Hi there were some bugs in this code - see my comments
V1=3;
Gin=216;
alpha=0.5;
t1=6;
V3=10;
tau2=50;
Eg=180;
tau1=5;
tau=[10,50];
sol = dde23(@(t,y,Z)eq24(t,y,Z,alpha),[10,50],[210;1;80],[0, 50]); % Added alpha in function call
% Plotting the solution works by using deval
tint = linspace(0,50);
yint = deval(sol,tint);
figure(1)
plot(tint,yint);
%plot(sol(1).x,sol(1).dy(1,:),sol(1).x,sol(1).dy(2,:),sol(1).x,sol(1).dy(3,:))

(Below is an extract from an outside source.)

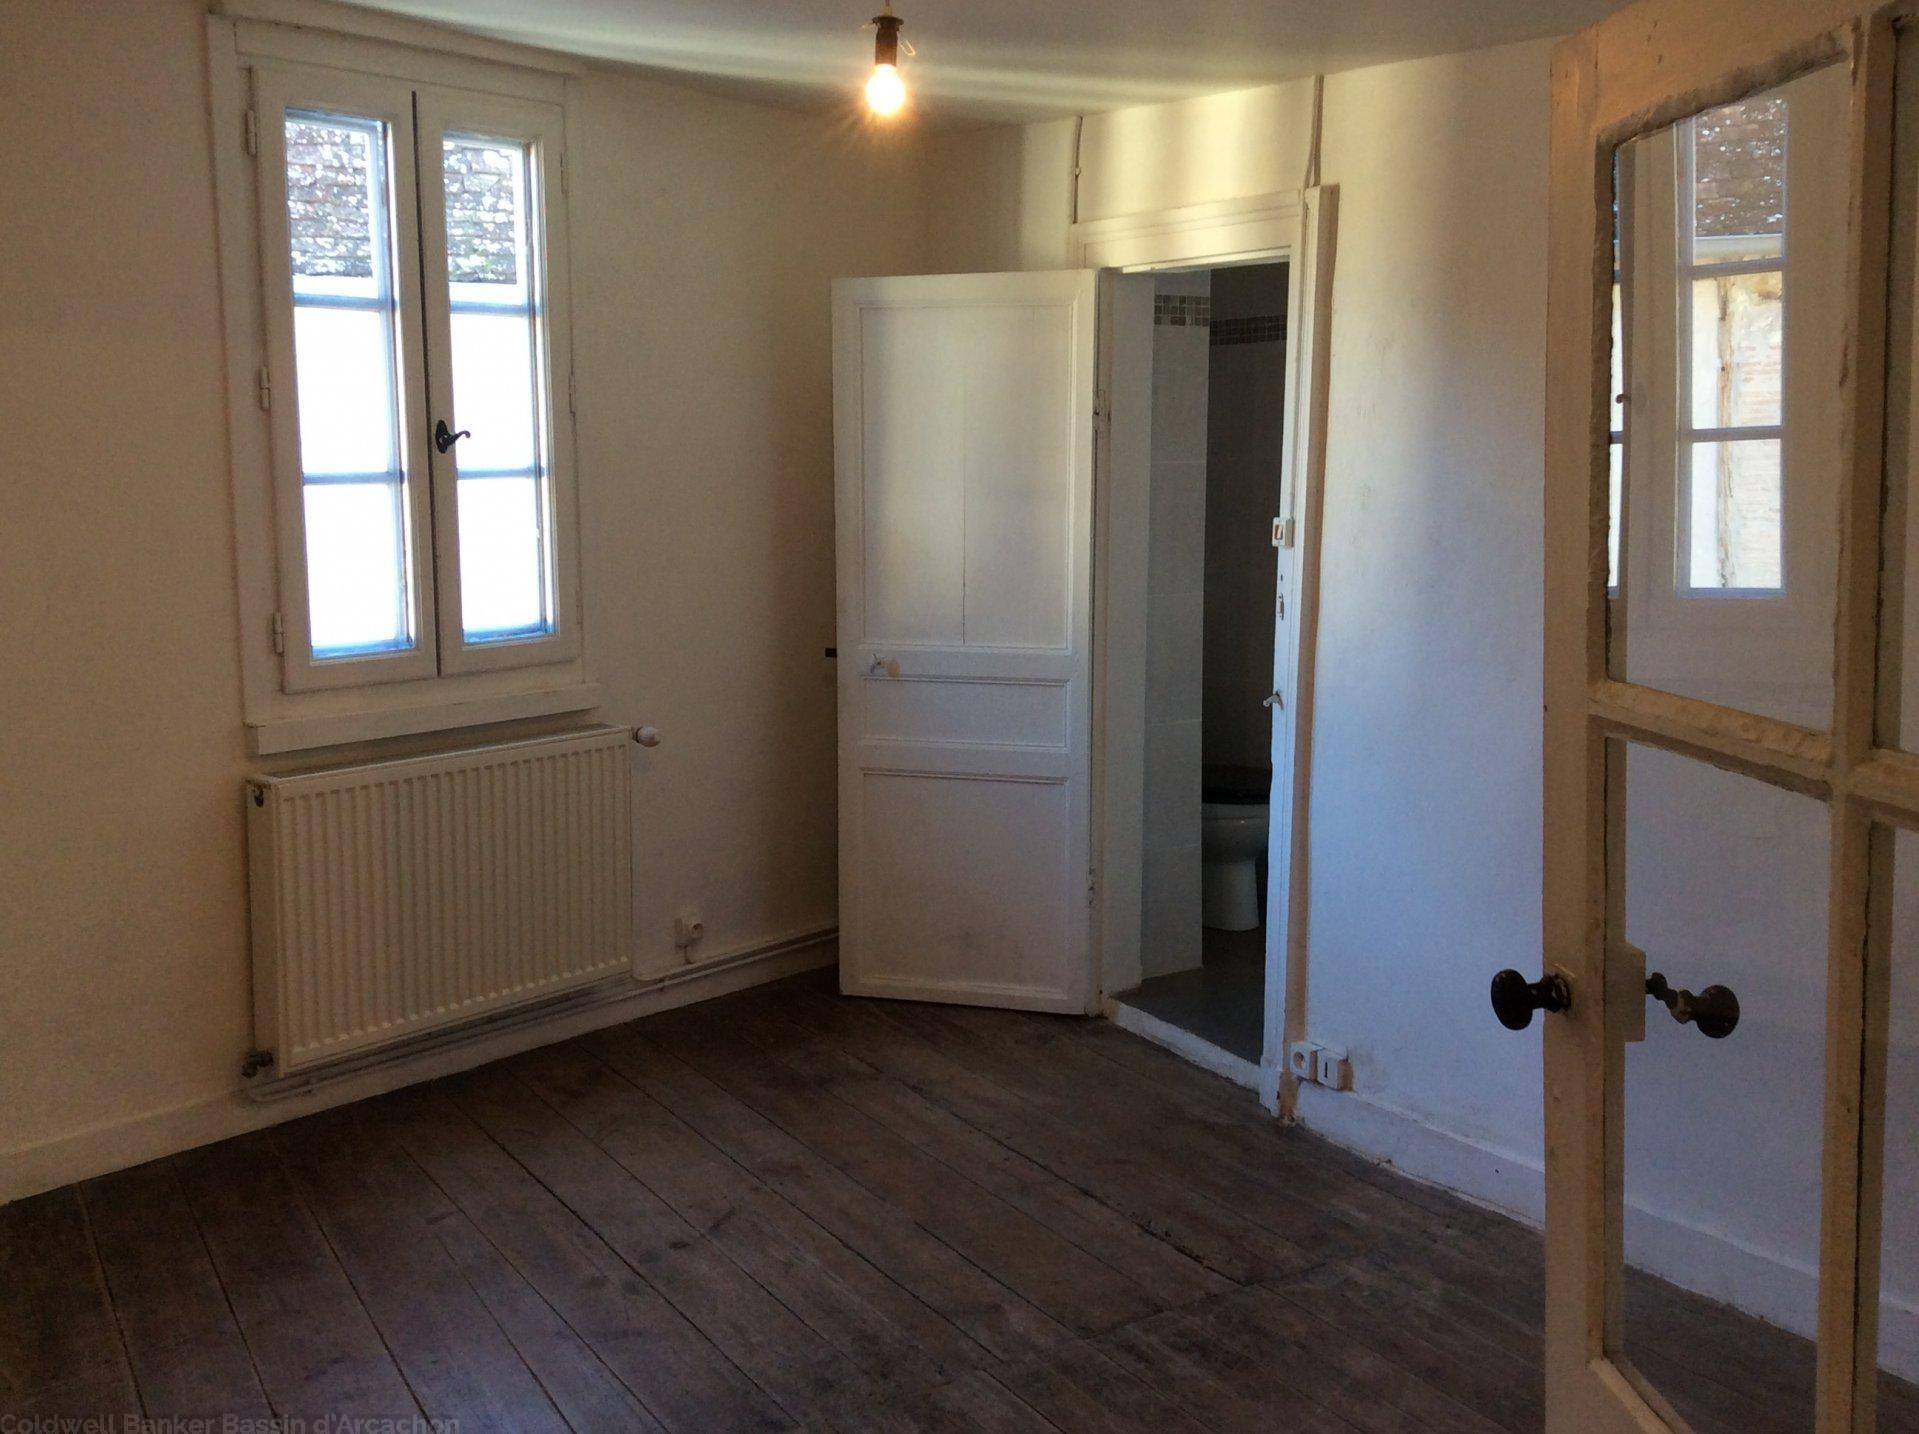 Vente maison ancienne rénovée 2 chambres dordogne issigeac

function dy=eq24(~,y,Z,alpha) ´% I added alpha as input argument
V1=3;
V3=10;
t1=6;
G=y(1);
I=y(2);
I1=y(3);
Glag1=Z(:,1); %Tau1%
Ilag2=Z(:,2); %Tau2%
f1=@(G) 209/(1+exp(-G/300*V3 +6.6));
f2=@(G) 72*(1-exp(-G/144*V3));
f3=@(G) 0.01*G/V3;
f4=@(I) 90/(1+exp(-1.772*log(I/V1) + 7.76)) +4;
f5=@(I) 180/(1+exp(0.29*I/V1 -7.5)); % I changed f5=180... to f5=@(I) 180...
dy = zeros(3,1);
dy(1) = 216 - f2(G)-f3(G)*f4(I)+f5(Ilag2(1)); % I changed f5(Ilag2) to f5(Ilag2(1))
dy(2)= f1(G)-(I/t1);
dy(3) = alpha*f1(G)-I1/t1 +(1-alpha)*f1(Glag1(3)); % I changed f1(Glag1) to f1(Glag1(3))
end
The most fixes i made are just simple syntax problems - except the last two changes. The problem is that Ilag2 and Glag1 are of size 1x3 so that no scalar values result by using them the way you did it. Ensure that especially the last two changes can be correct, because i have no insight in your problem. But this is a working code, which has only to be checked for the correct usage of the lag variables.
BTW: You deleted all the content of your other question related to the glucose insuline model. Why? Did you notice that you can accept and/or vote for useful answers?